To determine the value of \( p \) such that the function \[ f(x) = \begin{cases} \frac{x^2 + 3x + p}{2(x^2 - 1)} & \text{if } x \neq 1 \\ \frac{5}{4} & \text{if } x = 1 \end{cases} \] is continuous at \( x = 1 \), we need to ensure that \[ \lim_{x \to 1} f(x) = f(1) = \frac{5}{4}. \] ### Step 1: Find the limit as \( x \) approaches 1 We first find the limit of \( f(x) \) as \( x \) approaches 1: \[ \lim_{x \to 1} f(x) = \lim_{x \to 1} \frac{x^2 + 3x + p}{2(x^2 - 1)}. \] ### Step 2: Simplify the denominator The denominator can be factored: \[ 2(x^2 - 1) = 2(x - 1)(x + 1). \] ### Step 3: Substitute \( x = 1 \) into the numerator Now we substitute \( x = 1 \) into the numerator: \[ x^2 + 3x + p = 1^2 + 3(1) + p = 1 + 3 + p = 4 + p. \] ### Step 4: Set up the limit expression Thus, we have: \[ \lim_{x \to 1} f(x) = \frac{4 + p}{2(1 - 1)(1 + 1)} = \frac{4 + p}{0}. \] Since the limit must exist, the numerator must also equal zero when \( x = 1 \): \[ 4 + p = 0. \] ### Step 5: Solve for \( p \) Solving for \( p \): \[ p = -4. \] ### Step 6: Verify the limit Now we can verify that with \( p = -4 \), the limit is: \[ \lim_{x \to 1} f(x) = \frac{4 - 4}{2(0)(2)} = \frac{0}{0}, \] which is an indeterminate form.
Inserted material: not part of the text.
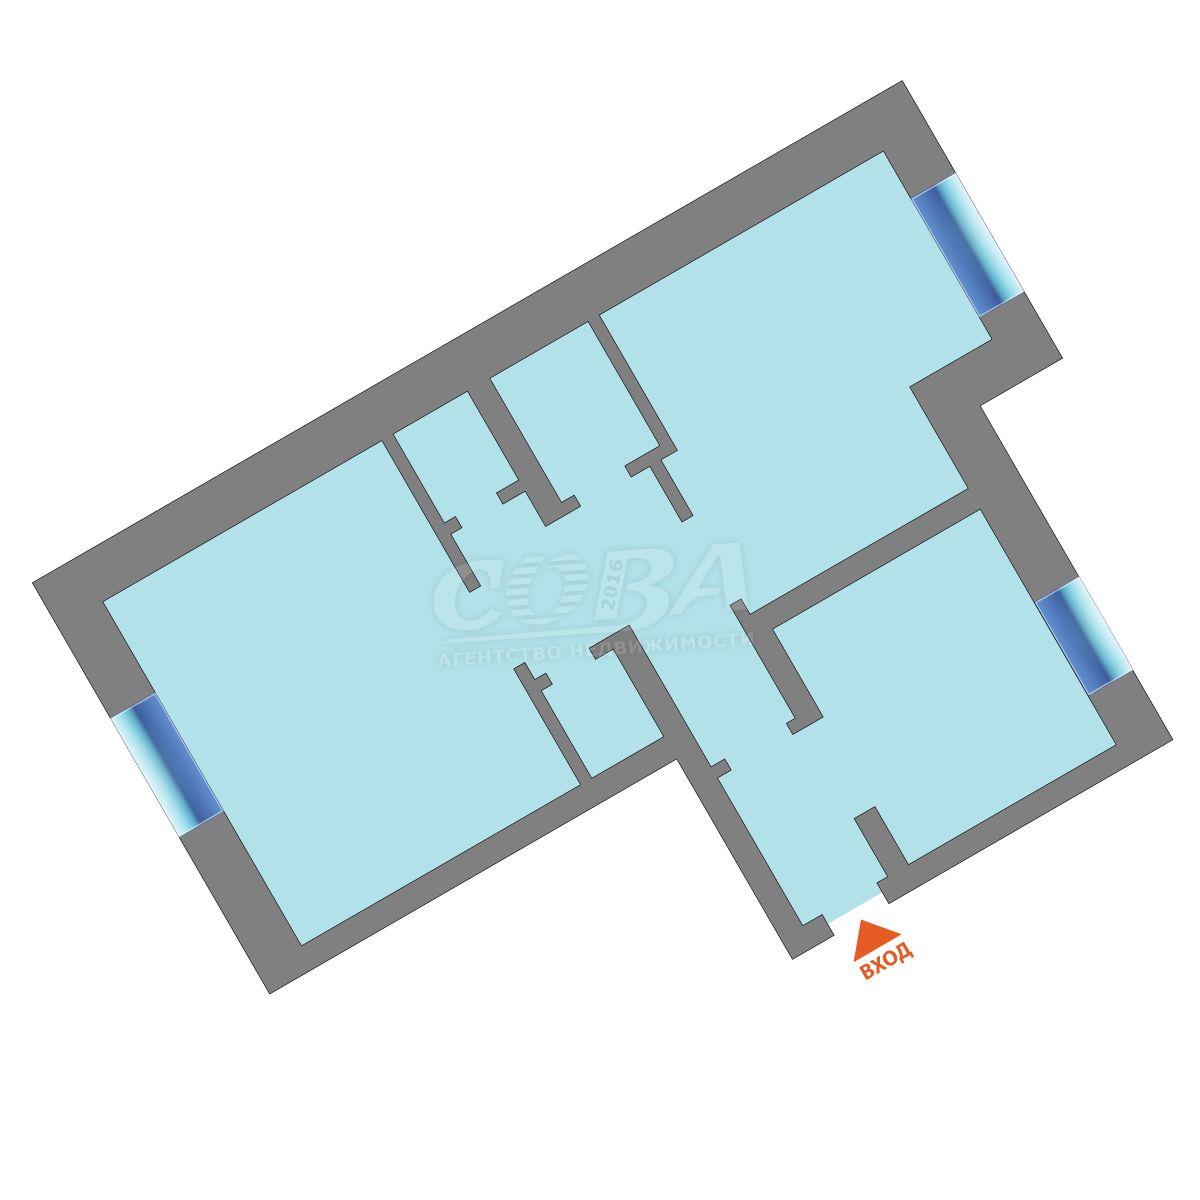 2 комнатная квартира  в районе Драмтеатра, ул. Республики, 94, г. Тюмень
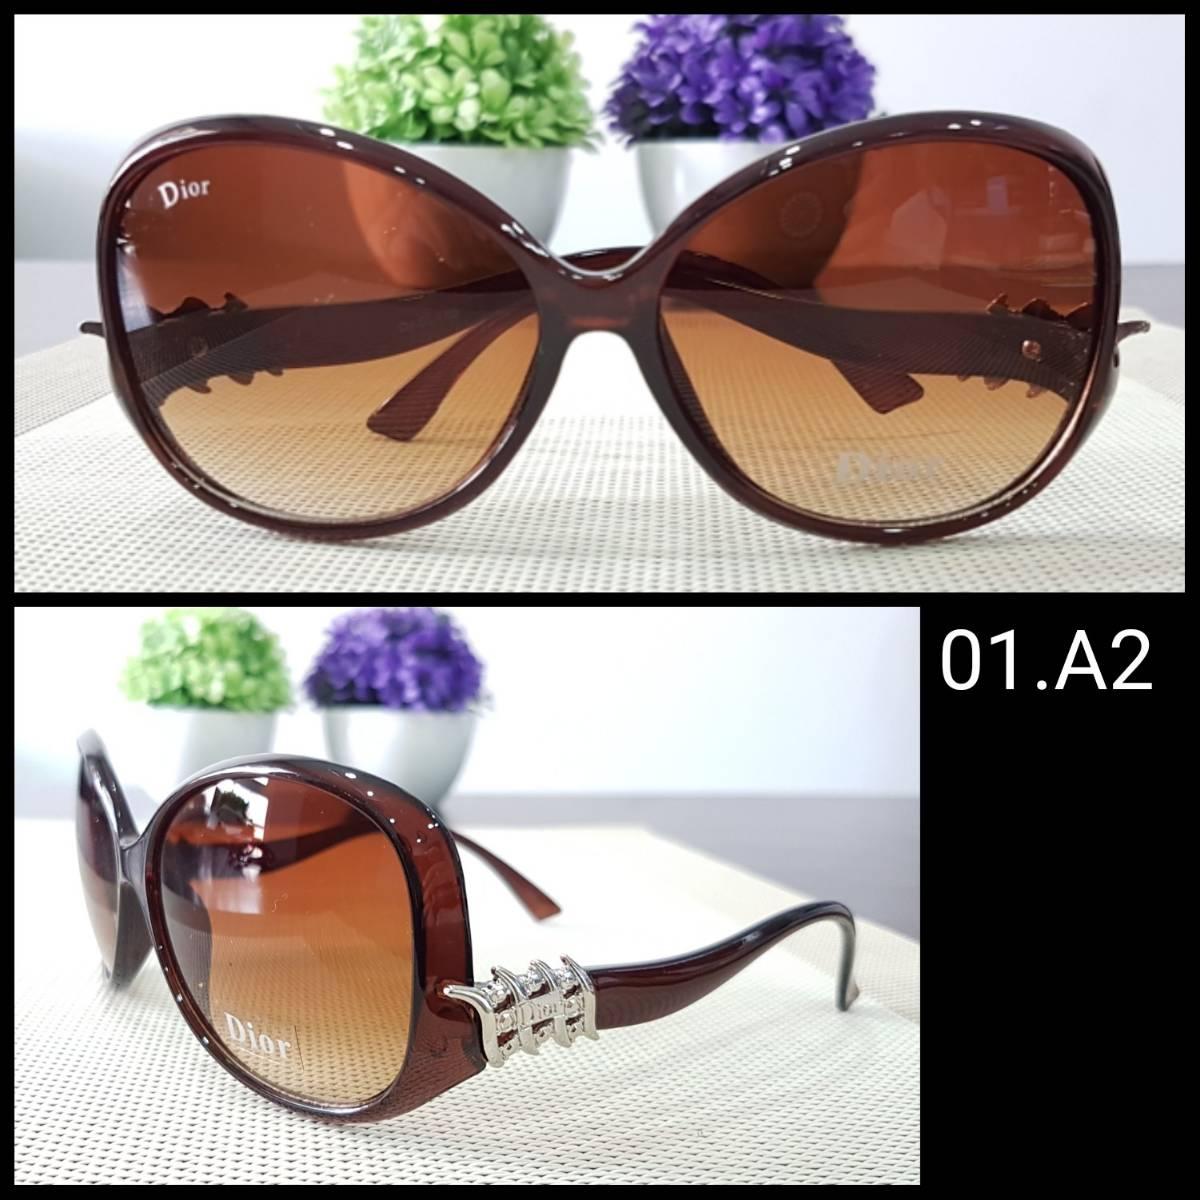 Kacamata Dior S3 Brown1

We can apply L'Hôpital's Rule or factor the numerator. ### Step 7: Factor the numerator The numerator \( x^2 + 3x - 4 \) can be factored as: \[ (x - 1)(x + 4). \] Thus, \[ f(x) = \frac{(x - 1)(x + 4)}{2(x - 1)(x + 1)} \quad \text{for } x \neq 1. \] ### Step 8: Cancel the common factor Canceling \( (x - 1) \): \[ f(x) = \frac{x + 4}{2(x + 1)} \quad \text{for } x \neq 1. \] ### Step 9: Evaluate the limit again Now, we can find the limit as \( x \) approaches 1: \[ \lim_{x \to 1} f(x) = \frac{1 + 4}{2(1 + 1)} = \frac{5}{4}. \] ### Conclusion Since \[ \lim_{x \to 1} f(x) = \frac{5}{4} = f(1), \] the function is continuous at \( x = 1 \) when \( p = -4 \). Thus, the value of \( p \) is \[ \boxed{-4}. \]